Transformer Training with shifted targets

I was able to train my transformer down to a loss of less than 0.04 over 40 epochs, but I was not able to perform any sort of autoregressive inference. I realized that during training I was not shifting the target sentence to the right at all, which enables the model to predict the next word in the sequence during inference. So I shifted the target, but it completely ruined training. I can’t get a loss less than 4.0 over 40 epochs. Here I’ve attached my code and some outputs. If anyone could look at this I’d greatly appreciate it. My transformer model is based off of Harvard NLP’s modern PyTorch implementation.

optimizer=torch.optim.Adam(params=model.parameters(),lr=5e-4)
loss_fn = torch.nn.CrossEntropyLoss(ignore_index=0)
train_losses = []
val_losses = []
bleu_scores = []
for epoch in range(1,EPOCHS+1):

    # train loop 
    for i, (src,tgt) in enumerate(train_data):

        # place tensors to device 
        src = torch.Tensor(src).to(DEVICE).long()
        trg = torch.Tensor(tgt).to(DEVICE).long()

        tgt = trg[:,:-1] # decoder input (shifted left)
        tgt_y = trg[:,1:] # decoder target (shifted right)

        # print statements 
        print('tgt: ', id_to_word(tgt, en_index_dict))
        print('tgt_y: ', id_to_word(tgt_y, en_index_dict))
        print('tgt shape: ', tgt.size())
        print('tgt_y shape: ', tgt_y.size())

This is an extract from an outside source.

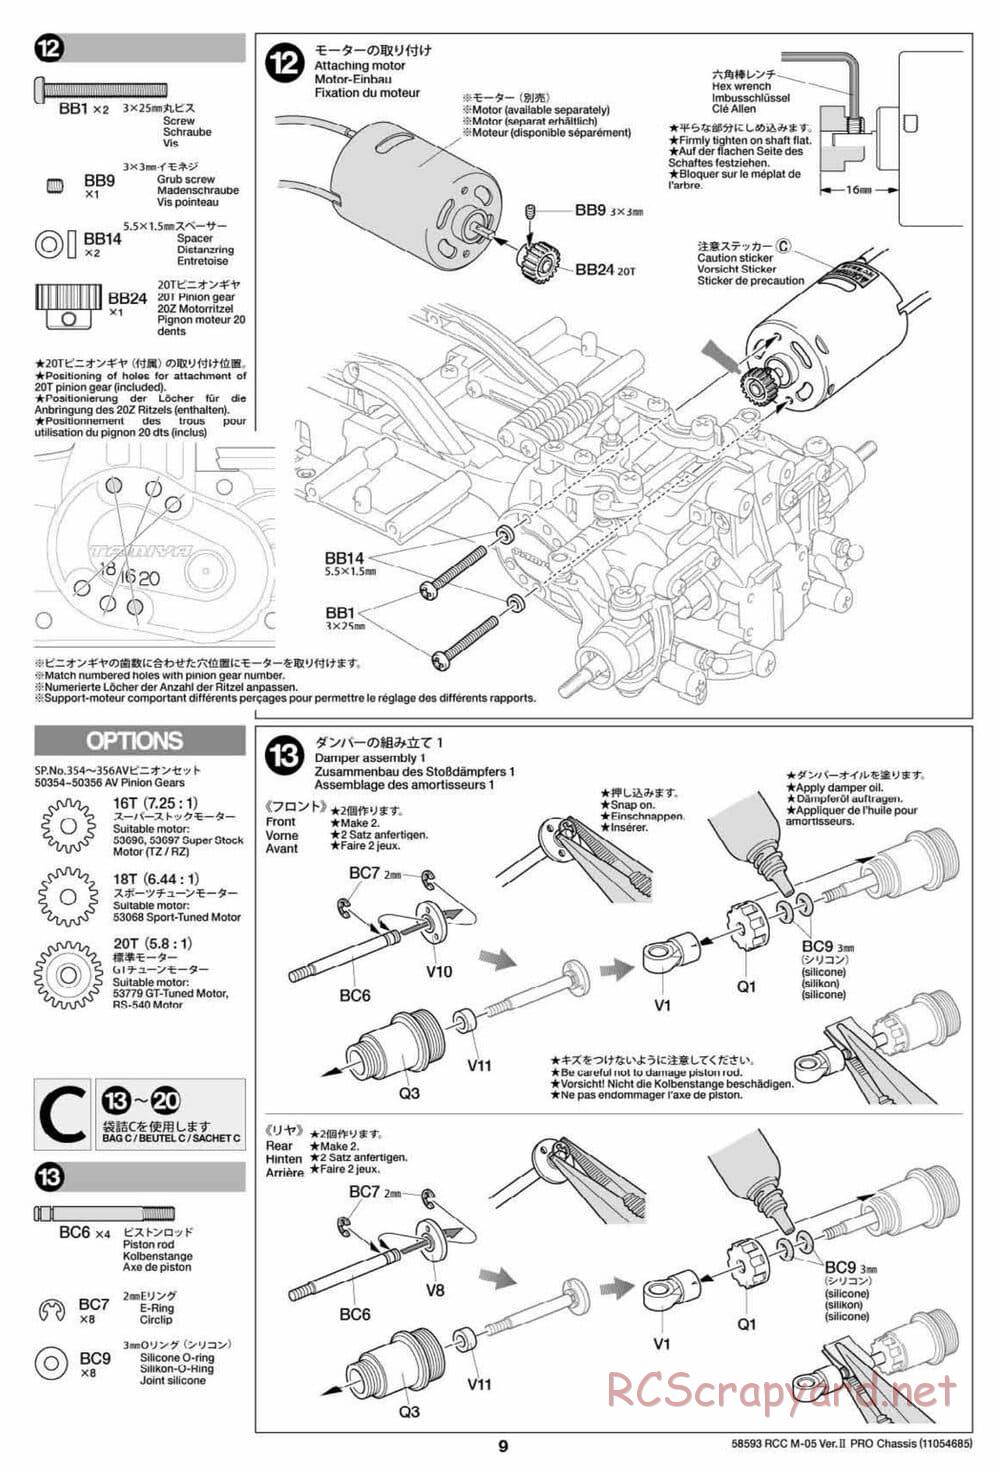 Tamiya - M-05 Ver.II Pro Chassis - Manual - Page 9

        src_mask = (src != PAD).unsqueeze(-2)
        tgt_mask_ = (tgt != PAD).unsqueeze(-2)
        tgt_mask = tgt_mask_ & transformer_nlp.subsequent_mask(tgt.size(-1)).type_as(tgt_mask_.data)

        # forward pass 
        out = model.forward(src, tgt, src_mask, tgt_mask)

        # print prediction vs target sentence 
        val, ind = torch.max(out, -1)
        pred_sentence = id_to_word(ind,en_index_dict)
        print('out: ', id_to_word(ind, en_index_dict))
        

        # compute loss 
        train_loss = loss_fn(out.contiguous().view(-1, tgt_vocab), tgt_y.contiguous().view(-1))
        
        # backprop 
        optimizer.zero_grad()
        train_loss.backward()

        # update weights 
        optimizer.step()
src:  [['BOS', '你', '和', '我', '有', '相', '同', '的', '想', '法', '。', 'EOS', 'PAD',...]]
tgt:  [['BOS', 'you', 'and', 'i', 'have', 'the', 'same', 'idea', '.', 'EOS', 'PAD', 'PAD', 'PAD',...]]
tgt_y:  [['you', 'and', 'i', 'have', 'the', 'same', 'idea', '.', 'EOS', 'PAD', 'PAD','PAD','PAD','PAD'...]]
tgt shape:  torch.Size([64, 59])
tgt_y shape:  torch.Size([64, 59])
out:  [["'ve", 'cradle', 'artificial', 'minutes', 'letting', 'match', 'mysteries', ...]]